When we accept our limitations and imperfections, we can work through and reclaim our projections. We can embrace the parts of ourselves that we were taught were unacceptable. If we hold ourselves to unrealistic standards, we will inevitably fall short.

Pixel Pro/Adobe Stock
Source: Pixel Pro/Adobe Stock

When we feel contempt for our own “defects,” we might find ourselves judging and criticizing our children. Self-awareness helps us notice when these negative feelings pop up, and we can pause to be curious. It’s almost always related to our own history rather than something our child is doing wrong.

Self-compassion teaches us to be gentle with ourselves, allowing us to accept our humanity.
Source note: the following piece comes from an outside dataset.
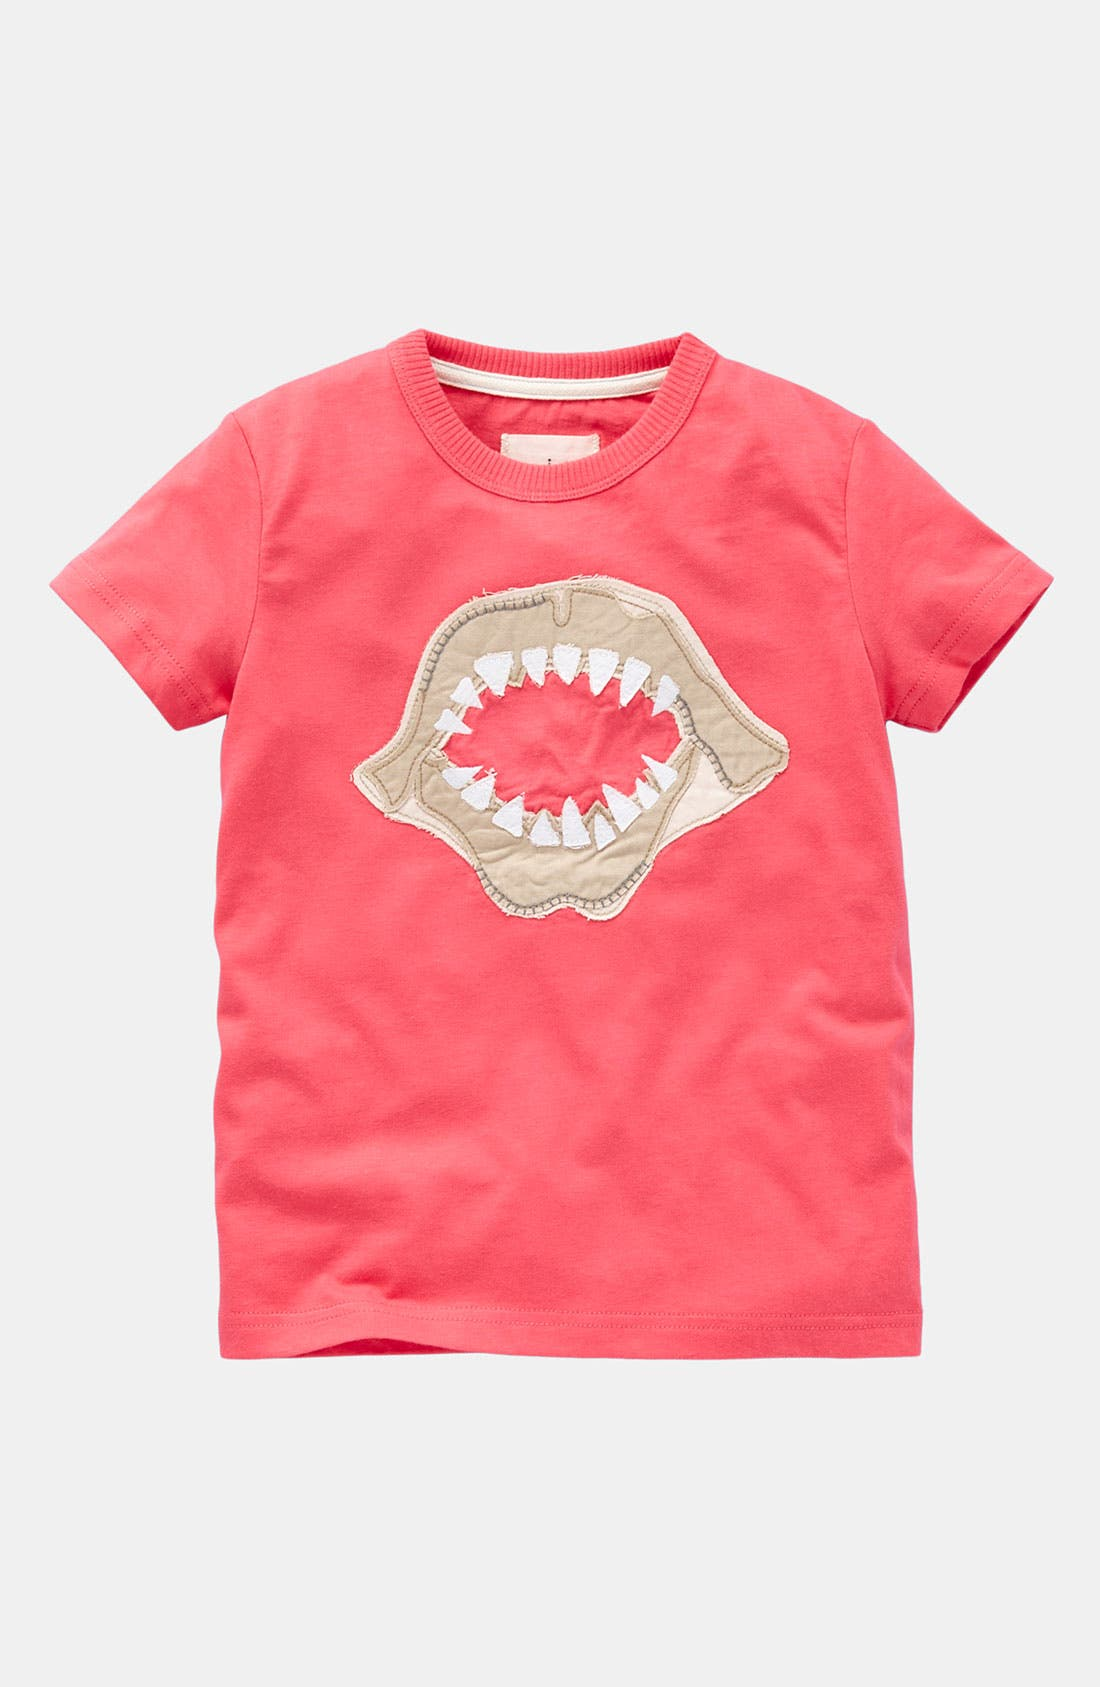 Main Image - Mini Boden 'Nautical' T-Shirt (Toddler)

When we become overly concerned with others’ judgments, we might try to control our children’s behavior to avoid feeling uncomfortable or embarrassed. It always ends up feeling terrible when we lose sight of who matters.

The best thing we can do for neurodivergent kids is to carry our own emotional load. When parents do their inner work, we have more patience and genuine joy, and put less pressure on our children to perform or mask. When we recognize and process our fears, shame, or grief, we free our children to carry only what is truly theirs, creating a safe space for them to grow into their authentic selves.